Salt became scarce, then was nonexistent in the stores.

I couldn’t do anything but huddle by the fire and turn up the wall-mounted gas heaters.

 
The fireplace, though pretty, just created a wind-tunnel from the dog-door to the chimney, so it was useless as a heat source. The dogs liked it, though.

 
The wall-mounted LP gas heaters, special ordered from Montville Hardware (the Best Hardware Store in the World), saved the day.

Then the unthinkable happened.

The water heater, which I had repaired when I moved in, developed a major gas leak when the pilot assembly disintegrated.

I smelled something strange when I left for work that morning, but it didn’t smell like gas.

That evening, when I returned, the smell was gone. But the heater quit just after I lit it, and going into the basement, I knew just how lucky I’d been.
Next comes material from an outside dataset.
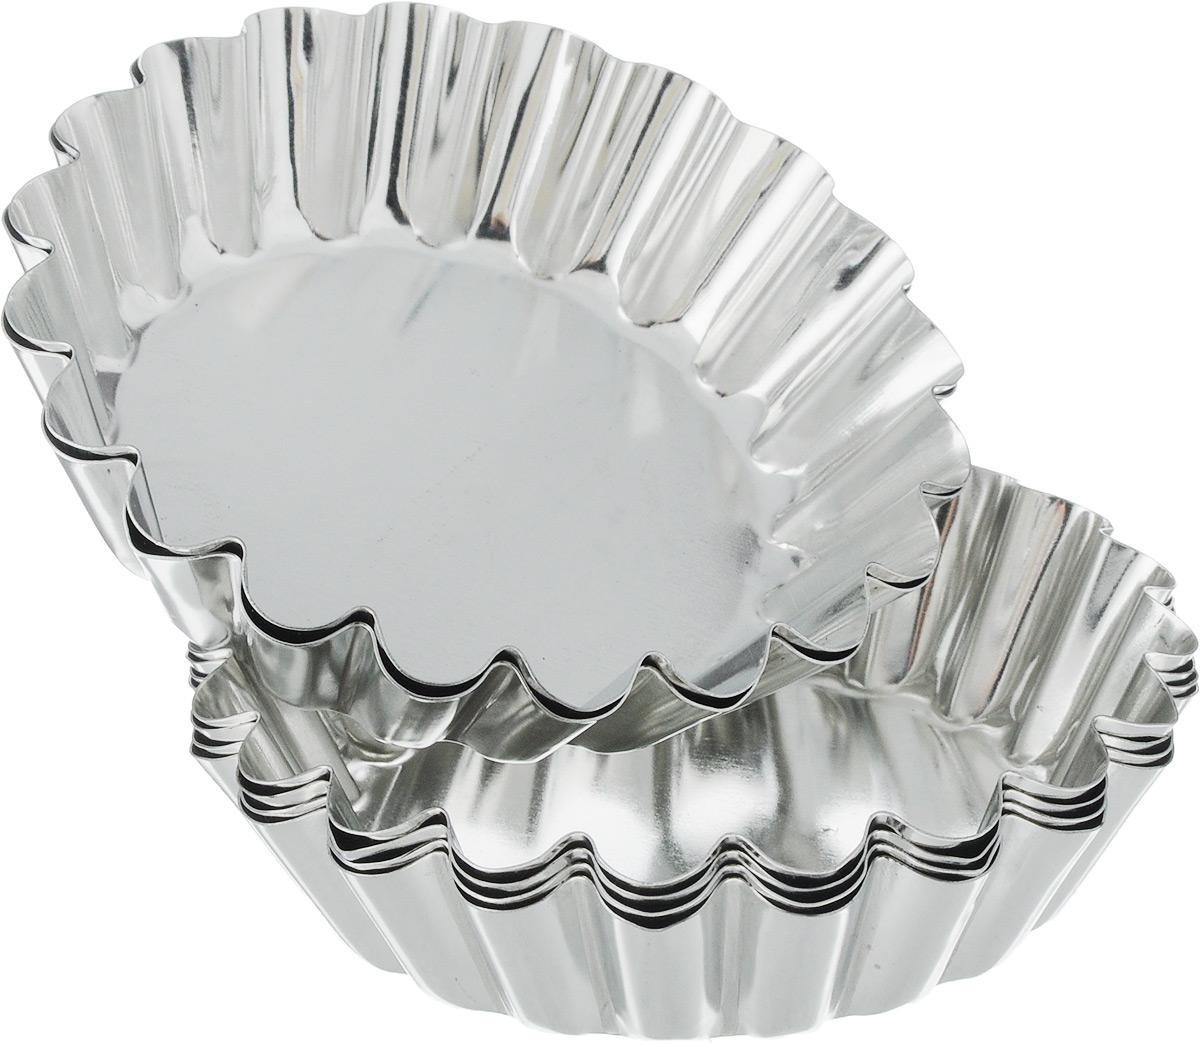 Набор формочек для кексов SNB, диаметр 9 см, 6 шт68/5/4Набор SNB включает 6 формочек для кексов, выполненных из луженой жести. Изделия обладают превосходными антипригарными свойствами и не содержат в составе вредных веществ. Металлические стенки быстро распределяют тепло, поэтому выпечка пропекается равномерно. Форма изделий с рифлеными стенками идеальна для приготовления кексов. Формы пригодны для духовки. Не подходят для использования в микроволновой печи и посудомоечной машине.Диаметр формы: 9 см.

The cellar was filled with fumes. Apparently the gas came out at such a volume that it blew out the tiny pilot flame, saving the house.

Something in this house likes me.

I set up a fan, blew out the fumes and froze for a week until the gas company could make a delivery.   I also thanked my lucky ghost.

 

                        Some people get stick-ons to make these patterns, but these are real

It was pins and needles all winter, with no money left after the weekly expenses. It took me until Christmas to pay the surveyors, then I dropped a thou on the gas company, then another for taxes. I supplemented my heat with some oil-filled electric jobs, but after my second three-hundred-dollar bill from CL&P, I put those things away.

Finally March came. It was still cold, but the sun was working on the ice. By early April the last patches of ice melted, though it took a lot of salt (now available) to get the last bits to go away.

                                           March 22nd. Jennie King's birthday(my mom)

No work got done on the place between late December and late March.

Then I set my jaw, made a list, and got to work.

The sun was coming up earlier and setting later. Maybe I could actually get things done!

Then Daylight Savings Time began and I had light in the evenings. I had never appreciated it so much before.

Restoration of The Standish Farm, here I come.